Florent Perronnin, Zeynep Akata, Zaid Harchaoui, Cordelia Schmid. Towards Good Practice in Large-Scale Learning for Image Classification. CVPR 2012 - IEEE Computer Vision and Pattern Recognition, Jun 2012, Providence (RI), United States. IEEE, pp.3482-3489, 2012,<10.1109/CVPR.2012.6248090>.<hal-00690014>

Raphael Puget, Nicolas Baskiotis, Patrick Gallinari. Sequential Dynamic Classi cation for Large Scale Multi-class Problems.
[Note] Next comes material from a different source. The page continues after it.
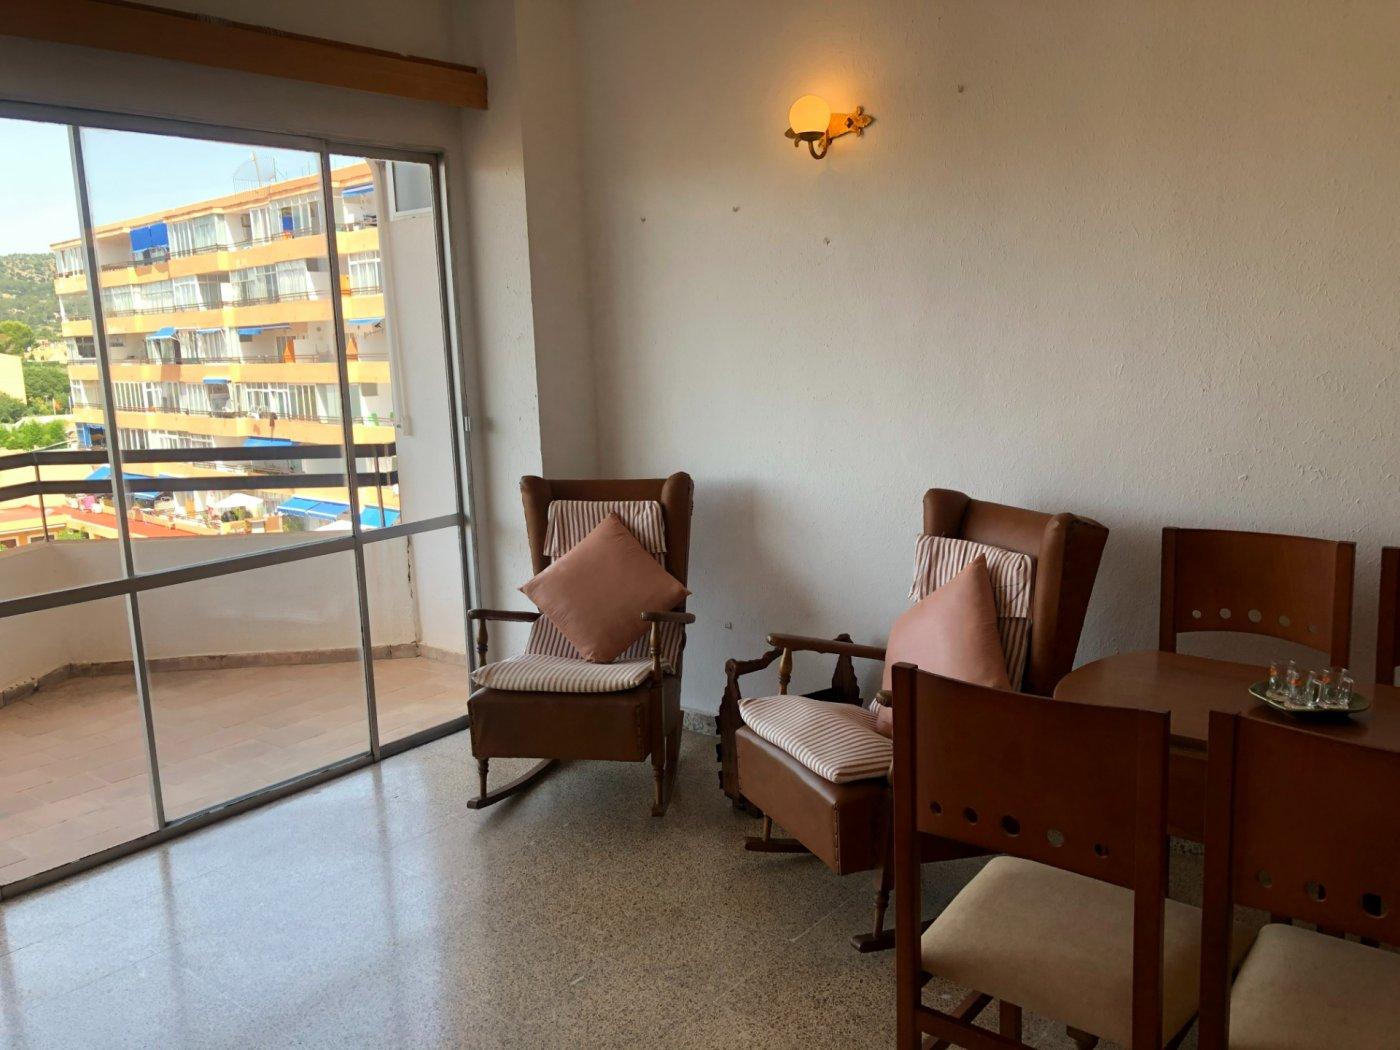 Maravilloso alquiler apartamento en son caliu!!!!! - imagenInmueble5

Extreme Classi cation Workshop at ICML, Jul 2015, Lille,France. 2015.<hal-01207428>

Prerequisites Programming skills, Machine Learning, Computer Vision, Data Mining.
Author
Supervisor Saeed Gholami Shahbandi, Björn Åstrand
Level Master
Status Open


Background
Object recognition in problems entailing many classes is a challenging task. One example of such problems is the inventory list of warehouse. The inventory of typical warehouses often contain up to 10K different classes of objects. In this project we intend to develop inventory list maintanance method that is able to learn the number of classes of objects and train a classifier from the data. Towards this objective, we employ the background knowledge (e.g. from the Warehouse Management System - WMS) to constrain the complexity of the problem.
Objectives
To develop an incremental clustering algorithm, that learns new classes of object through novelty detection. The background knowledge (e.g. WMS), which is an important source of information for constraining the problem, should be exploit towards a more robust system design.
Research Questions
What is the optimal feature space and clustering technique for object identification in large-scale many classes? How to use background knowledge as clustering cues? How to employ novelty detection for learning new classes incrementally?
Setup
dataset from a real-world warehouses.